Friday, September 15, 2006

"Benediktfest"

In this week's edition of The Tablet, Rome correspondent Robert Mickens writes from Bavaria, observing the notable reception its native son got earlier in the week:
The hundreds of thousands of people who turned out for the variety of papal events eagerly cheered the Pope. The affectionate welcome was especially notable given that, up until just a couple of years ago, the former Herr Kardinal could have hardly expected more than "polite" greetings from most people during his annual visits. But then he was still the head of the Congregation of the Doctrine of the Faith, a job he assumed after nearly five difficult years as Archbishop of Munich. But judging by this past week, it seemed that those days have long been forgotten.

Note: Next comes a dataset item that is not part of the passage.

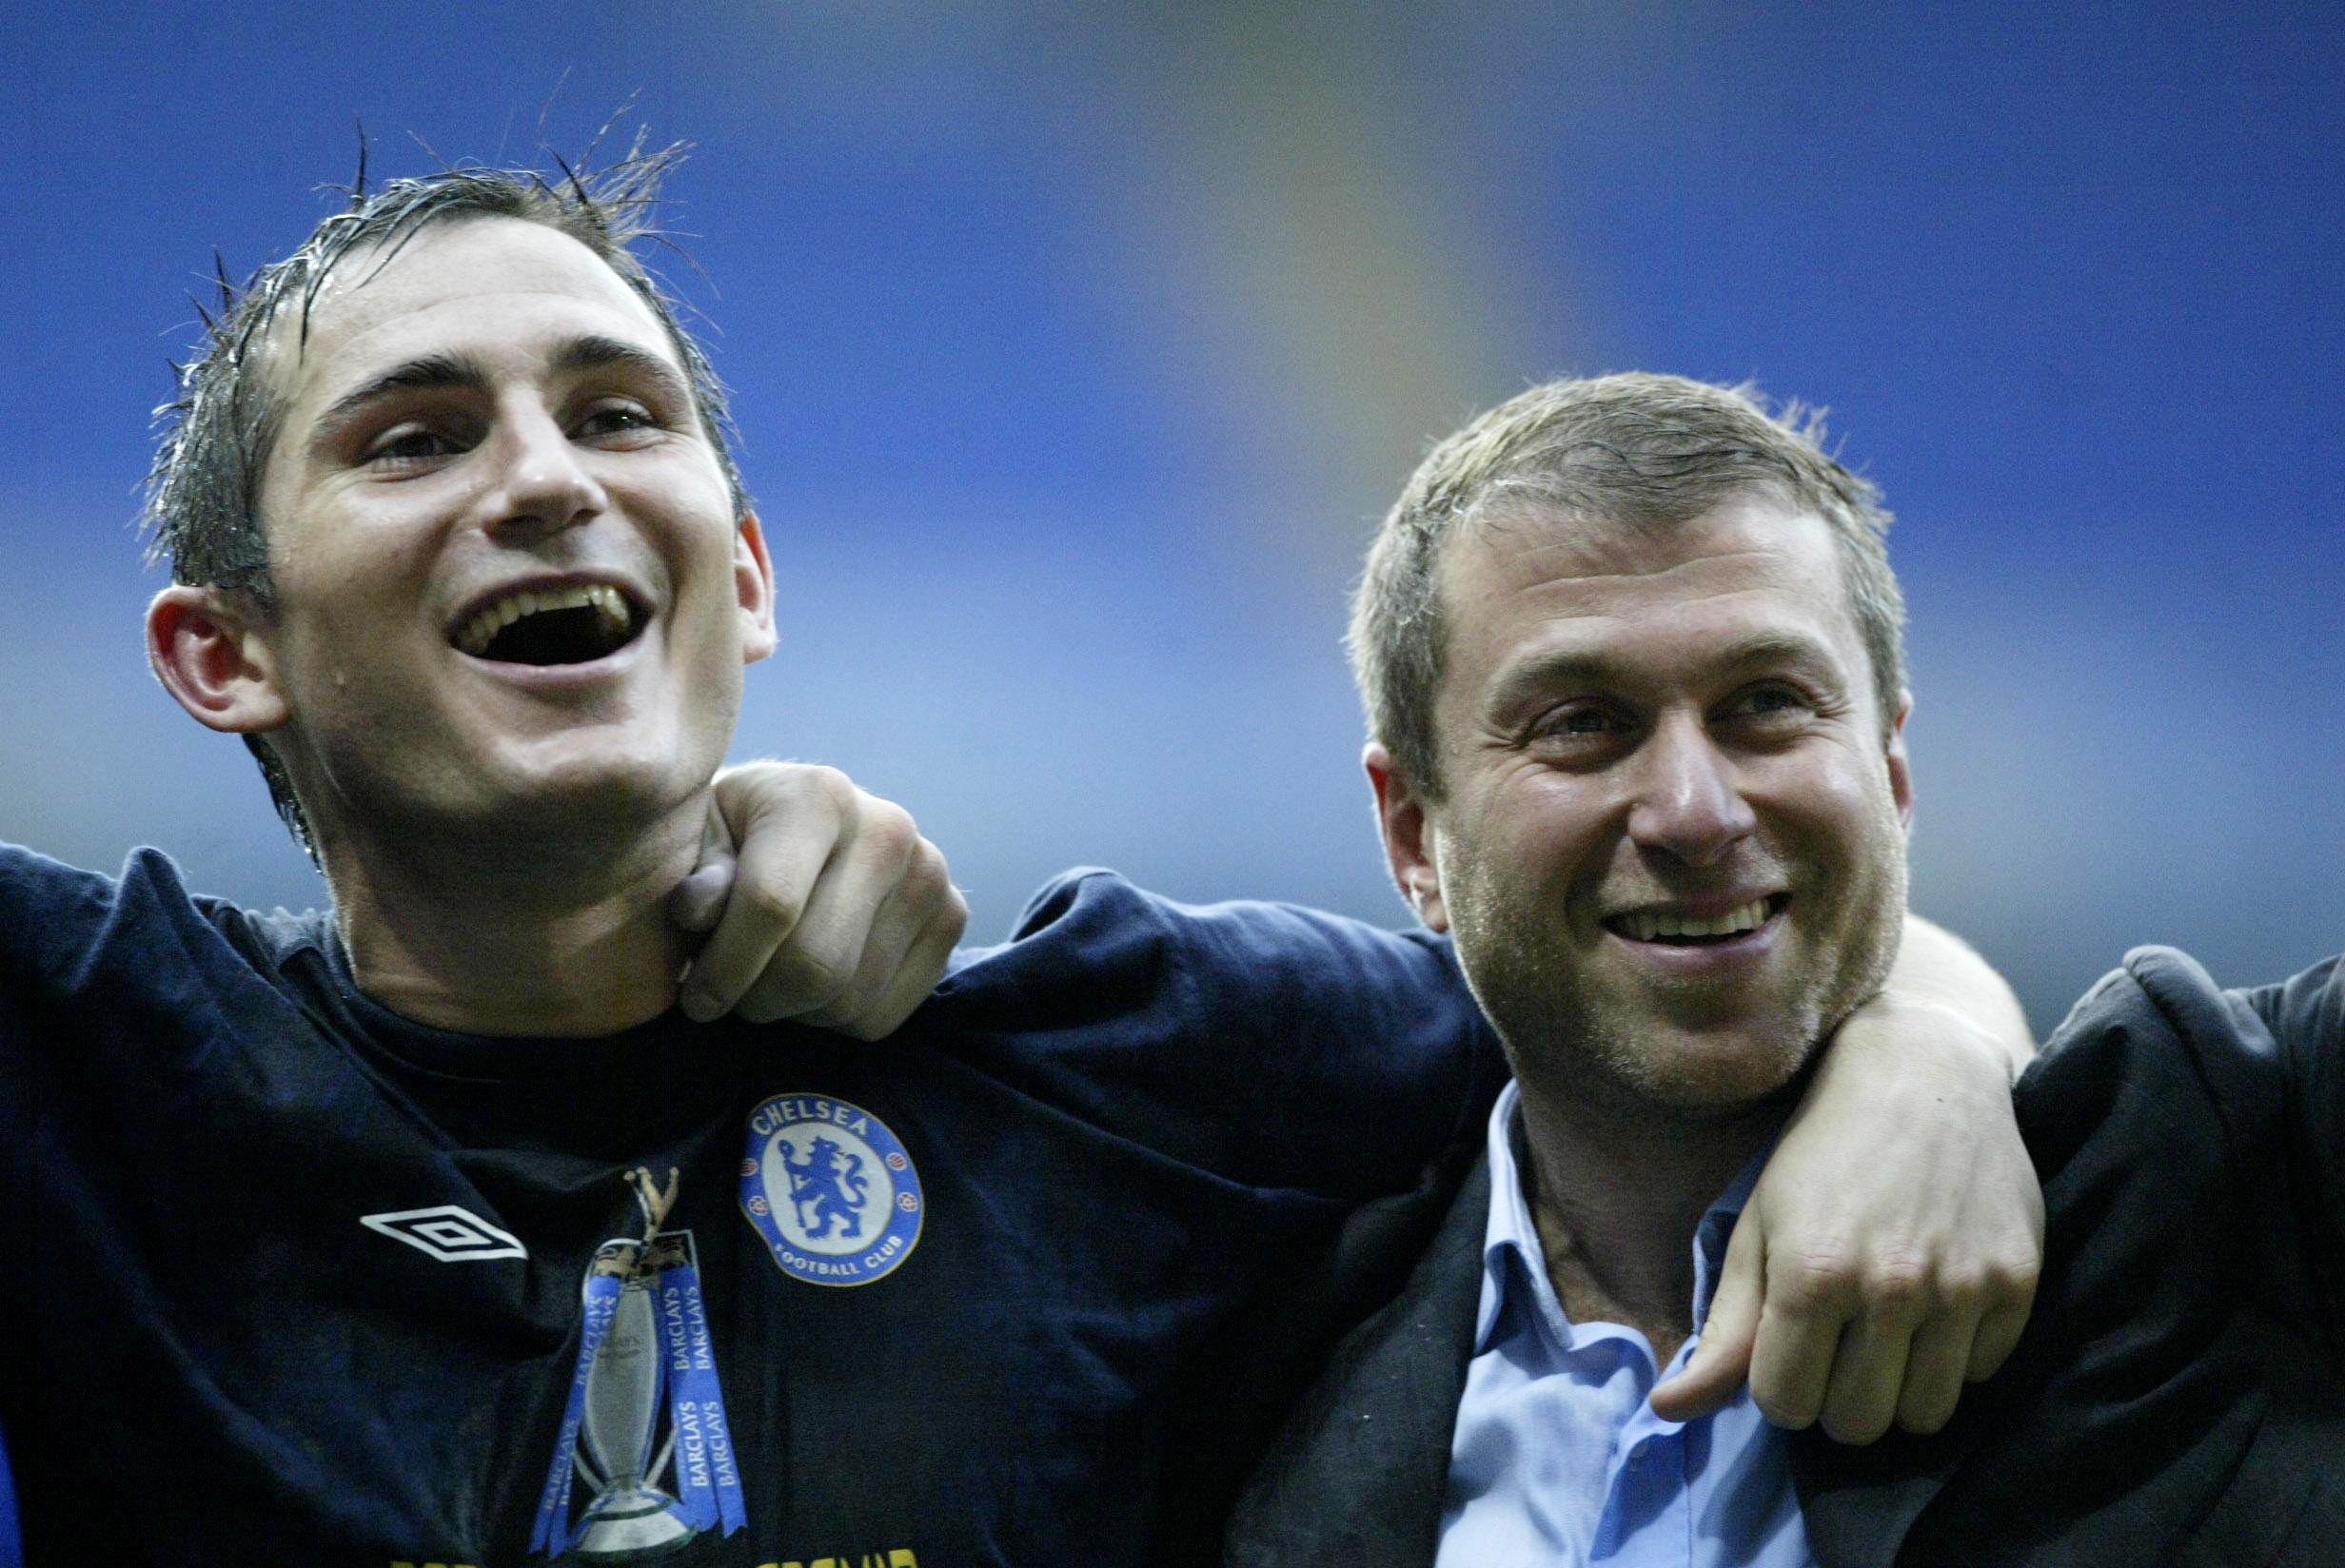 Soccer - FA Barclays Premiership - Bolton Wanderers v Chelsea - Reebok Stadium

"People really love him," said Notker Wolf OSB, the Abbot Primate of the Benedictine Confederation. The Bavarian monk, who is now based in Rome, was a commentator for the regional German television station that provided round-the-clock coverage of the papal visit. The abbot said that the Pope had won people over with his message. "He is just preaching the love of God. He is saying, ‘Listen, God is different from what you think.' For us in Germany, God has been the bookkeeper, writing down all your sins ... And that is just the opposite from what the Pope is bringing us now. He removed the fear. He speaks of another God - who liberates us and loves us ..."
Mickens, it should be noted, had the honour of flying on the Volo Papale -- the papal plane -- to and from the homecoming trip. Even more notable, however, is the speculation aired in his weekly column, known for this week as the "Letter from Bavaria."

As Cardinal Frederich Wetter, Joseph Ratzinger's direct successor as archbishop of Munich and Freising, turns 79 in February, Mickens cites "the talk in Bavarian church circles" that the succession could fall to none other than Msgr Georg Ganswein, Benedict's private secretary.

Ganswein, who's become famous in his own right since his boss' election, recently turned 50 and was named a prelate of honor by Benedict, entitling him to the full violet cassock of the middle grade of papal honors for the clergy. Before entering the direct service of Cardinal Ratzinger, he served as a lower level official in the CDF and a professor of canon law at Rome's University of the Holy Cross, an institute of Opus Dei.

Whether Benedict will part with his closest aide and send him home in his stead remains to be seen. However, for those who would doubt it given Ganswein's relative youthfulness, Mickens reminds us that "Paul VI made such an appointment in 1977."

The appointee? Joseph Ratzinger, of course.